*** Opening of Excerpted data ***

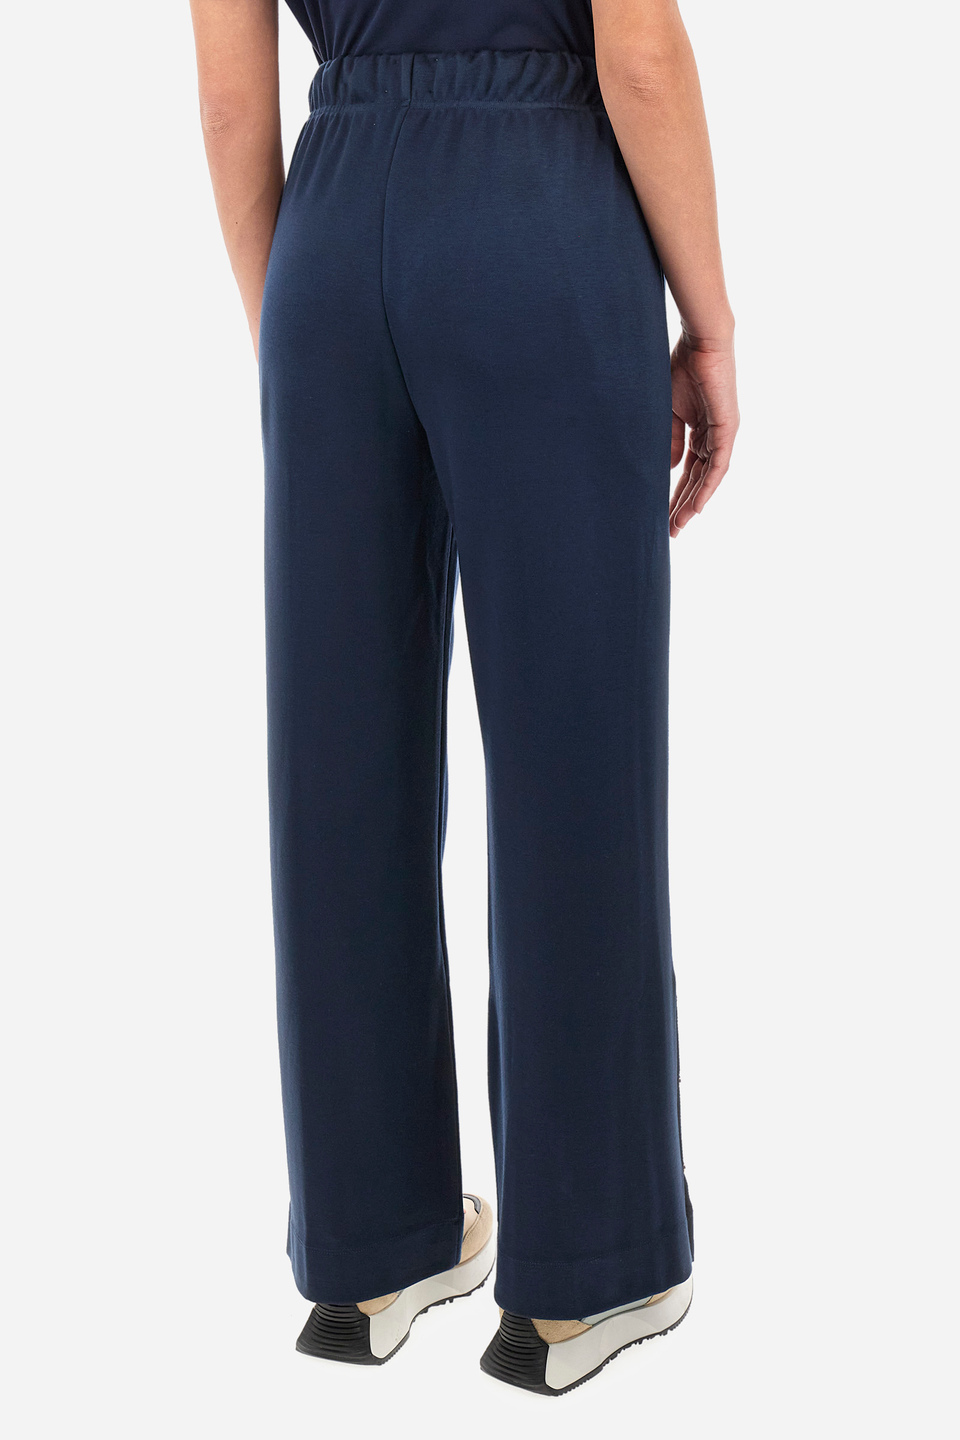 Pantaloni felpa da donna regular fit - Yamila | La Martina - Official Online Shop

*** Close of Excerpted data ***
*** Opening of Excerpted data ***

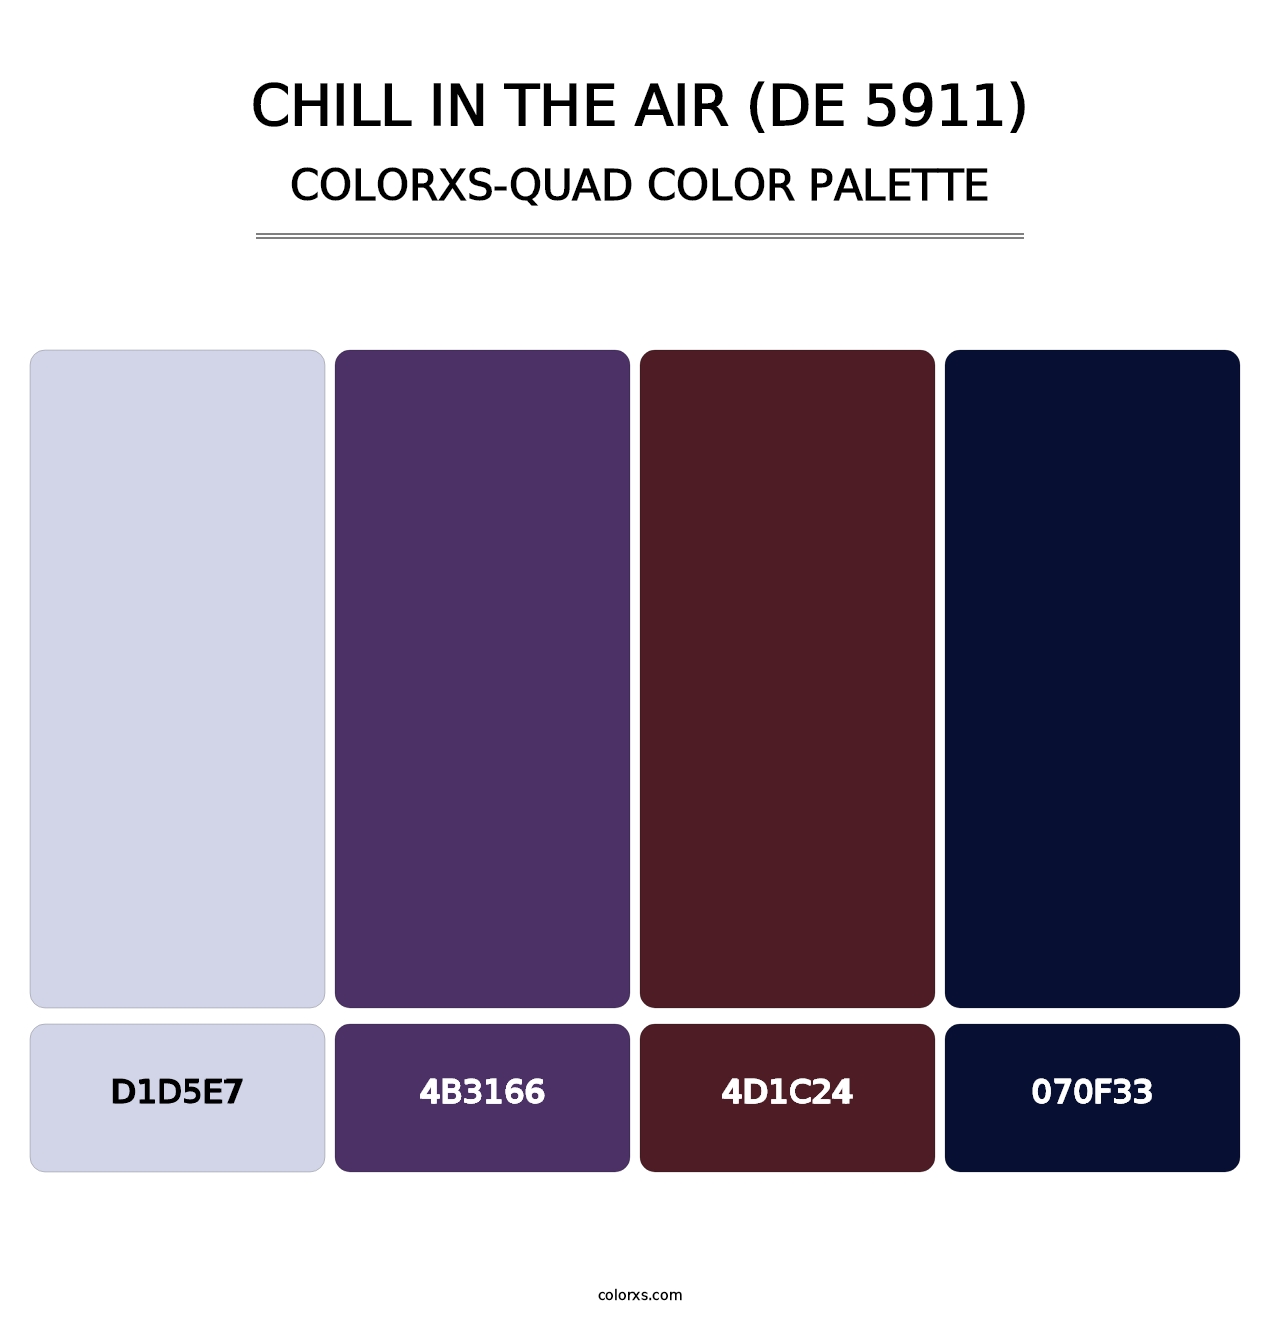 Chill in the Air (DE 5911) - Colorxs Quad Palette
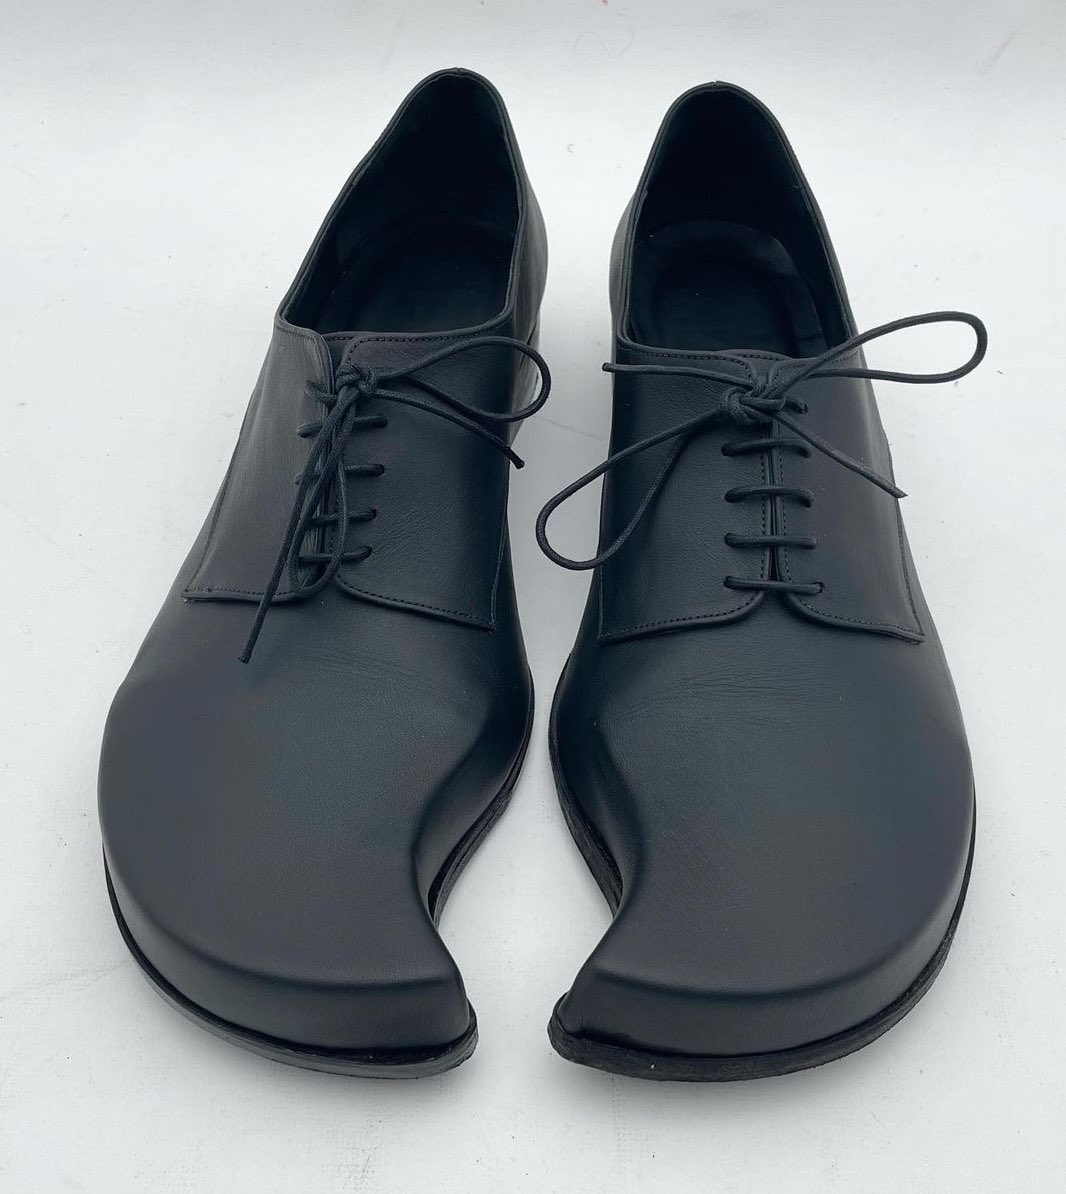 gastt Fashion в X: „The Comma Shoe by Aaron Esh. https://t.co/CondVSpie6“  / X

*** Close of Excerpted data ***

# Prompt
For the data above, set down exactly the lines from the line with "Chill in the" to the line with "gastt Fashion в", both included, leaving pictures out.

# Response below
 Chill in the Air (DE 5911) - Colorxs Quad Palette
 gastt Fashion в X: „The Comma Shoe by Aaron Esh. https://t.co/CondVSpie6“  / X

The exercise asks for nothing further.